И вдруг я все поняла.
— Так вы маленькая Полли?
— Полина Мэри Хоум де Бассомпьер.
До чего же время все меняет! В бледном личике маленькой Полли, в его живой игре уже был залог прелести; но как хороша стала Полина Мэри! Не той поражающей красотою розы — пышной, яркой, завершенной; у нее не было ни пунцовых щечек, ни золотистых кудрей кузины ее Джиневры; но ее семнадцатая весна принесла ей очарованье, зависевшее не от цвета лица (хоть лицо у нее было ясное и нежное), не от черт и сложенья (хоть черты были тонки, а сложенье изящное); ее очарованье шло от пробивающейся наружу души. Не чудесная ваза, пусть из самого драгоценного фарфора, но прозрачная лампа, хранящая свое пламя и блюдущая для поклоненья живой огонь весталок. Мне не хотелось бы ничего преувеличивать, говоря про ее обаянье, но, право же, оно было неодолимо. Хоть и маленькая, фиалка эта источала такой аромат, который делал ее заметней самой роскошной камелии, самой царственной далии, когда-нибудь украшавшей землю.

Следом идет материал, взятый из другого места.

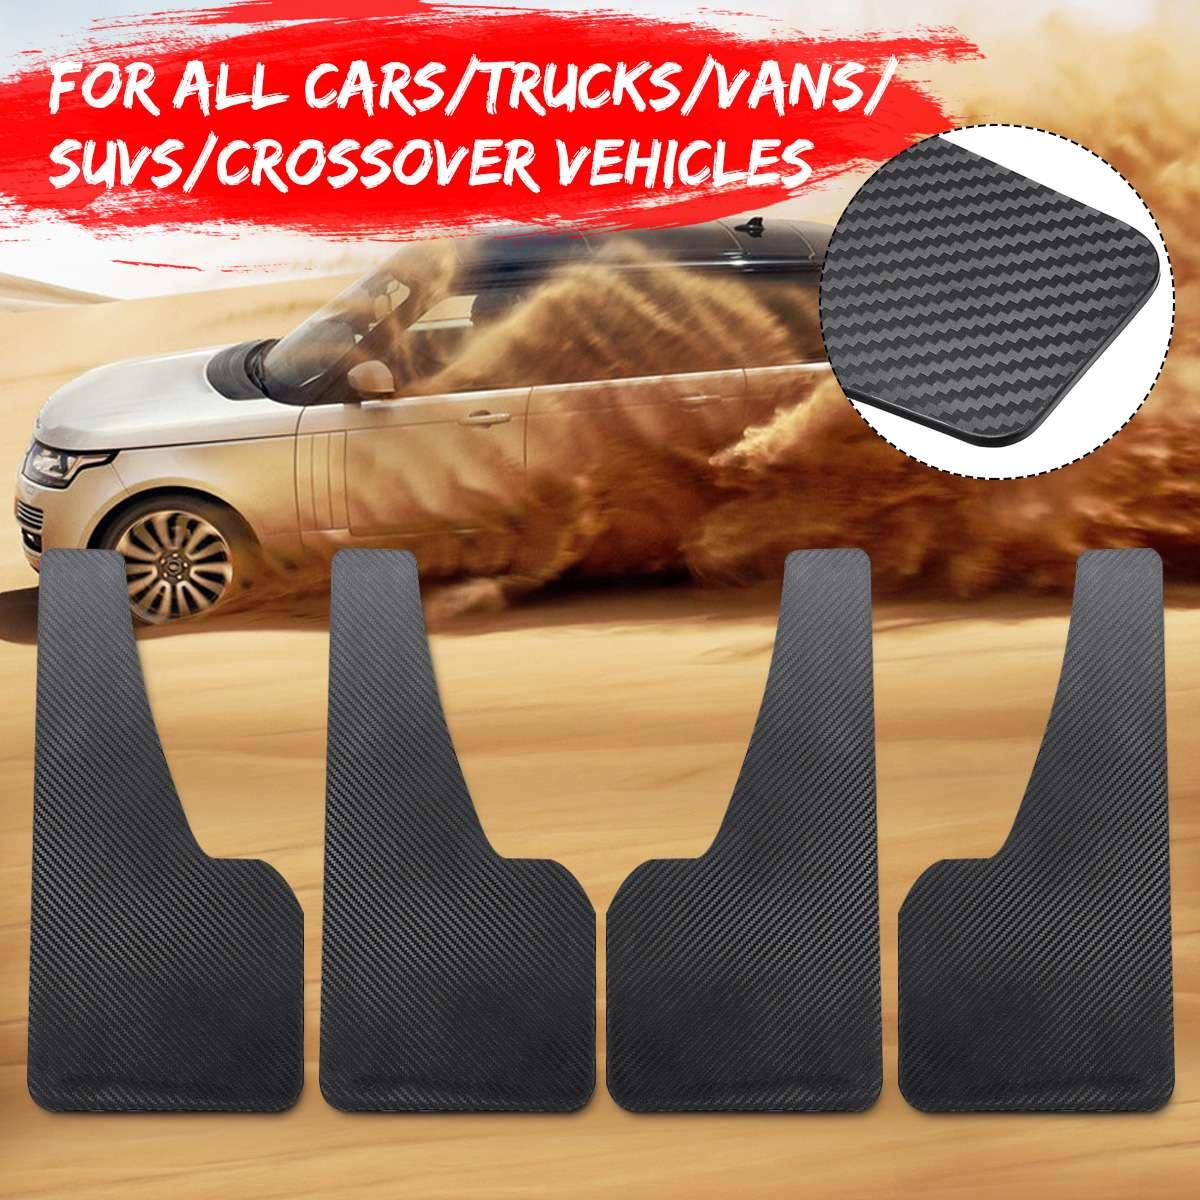 אוניברסלי 4pcs רכב מגיני בץ קדמי אחורי סיבי פחמן סטיילינג מגני בץ משמרות Splash פנדר אבזרים

— О! Так вы помните наши старые дни в Бреттоне?
— Лучше даже, — ответила она, — лучше, наверное, чем вы сами. Я помню все подробности. Не только дни, но помню часы и минуты.
— Кое-что ведь позабылось, не правда ли?
— Очень немногое.
— Вы тогда были совсем маленькая и ужасно как переменчивы. Признайтесь, вы давно выбросили из головы привязанности, лишенья, радости и беды, приключившиеся десять лет назад?
— Вы, верно, думаете, я забыла, до чего сильно и кого именно я любила тогда?
— Нет, не забыли, но воспоминанья ведь утратили отчетливость, признайтесь?
— Нет, все, что тогда было, я хорошо помню.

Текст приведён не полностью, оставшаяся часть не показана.